In this case, if you see the scenario in regex101, then you will have a colorful and easy way to differentiate the scenarios (in green capturing group #1 and in red capturing group #2): enter image description here

So, in conclusion, the [\s\S] is a regex trick when you want to match multiple lines and the . does not suit your needs. It basically depends on your use case.

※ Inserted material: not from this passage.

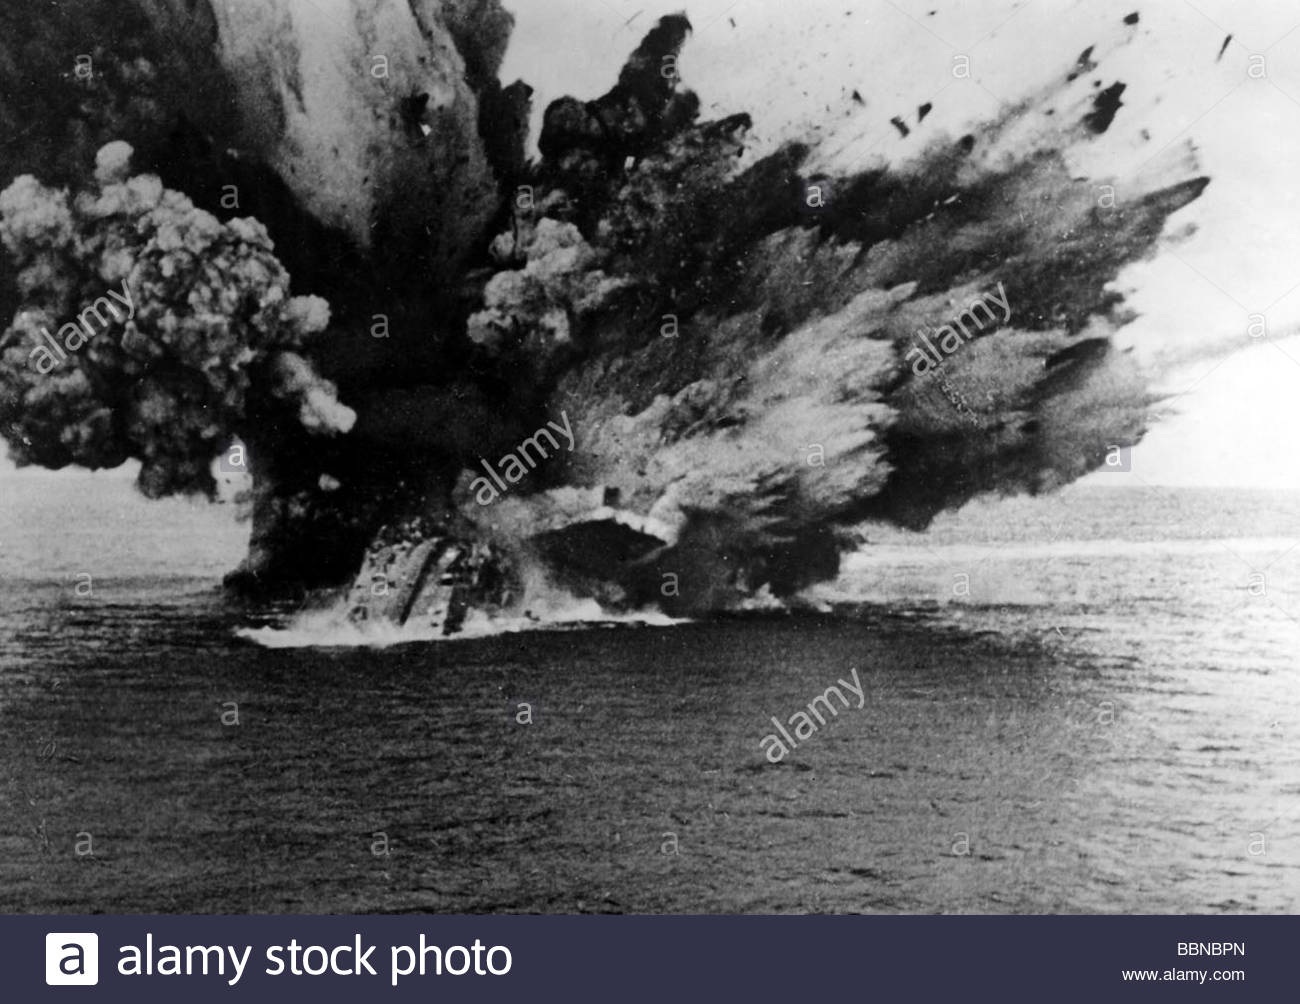 events-second-world-war-wwii-naval-warfare-british-battleship-hms-BBNBPN.jpg

However, if you use the single line flag where . matches new lines, then you don't need the regex trick, below you can see that all is green and group 2 (red above) is not matched:enter image description here

Have also created a javascript performance test and it impacts in the performance around 25%:

https://jsperf.com/ss-vs-dot

enter image description here

Federico Piazza
  • 30,085
  • 15
  • 87
  • 123
  • When you need to "mix of matches", in PHP, you may use `(?s:.*?)Now, turn the DOTALL mode(?-s:.*)end of line.` There is much more to it, in fact. In Python, you cannot use modifier groups, then, `[\d\D]` is really very handy. In JS, `[\s\S]` is still a workaround, since its native `[^]` does the job. `[\s\S]` is a portable construct across NFA regexps, that is why it is so popular. – Wiktor Stribiżew May 29 '17 at 21:35
  • Hey @WiktorStribiżew thanks for the comment, it's always very cool learning from you – Federico Piazza May 29 '17 at 21:42
1

The answer is: It depends.
If your regex engine does match every character with . then yes, the result is the same. If it doesn't then no, the result is not the same. In standard JavaScript . , for example, does not match line breaks.

m00hk00h
  • 507
  • 2
  • 7
  • 21
  • 1
    In most other languages, `.` will not match linefeeds either by default but a flag will be available to change this behaviour. – Aaron May 29 '17 at 16:05
  • *If your regex engine does match every character with `.` then yes, the result is the same.* - `.` matches any char only with POSIX based regex engines, and then `[\s\S]` is parsed as a literal ``\`` and `s` / `S` - so, the answer is *no*. – Wiktor Stribiżew May 29 '17 at 20:22
  • @WiktorStribiżew: In my [test](https://regex101.com/r/SjRUx0/2/) `[\s\S]` is not acting as literal characters. – Rahul May 29 '17 at 21:08
  • 1
    @Rahul Your test is not performed on a POSIX regex. Sure, an NFA regex treats shorthand character classes inside character classes as shorthand character classes. And as far as I see, you mention the NFA regex engines in your updated question now. – Wiktor Stribiżew May 29 '17 at 21:27
0

The "." does not match the newline character. And it does not match them even in Perl multiline matches. So, with a little Perl script like

#!/usr/bin/perl -w
use strict;
$/="---";
my $i=0;
my $patA='a[\d\D]b';
my $patB='a.b';
while(<>){
    $i++;
    print "$i: $_";
    print "    patA matches\n" if $_ =~ /$patA/;
    print "    patB matches\n" if $_ =~ /$patB/;
}

you can pipe some input to test to it like

$ cat |./aboveskript.pl
a
b

Please leave with CTRL-D, for multiple records separate them with three dashes. The output of the above is

1: a
b
    patA matches

So the pattern /a.b/ fails.

smoe
  • 500
  • 3
  • 13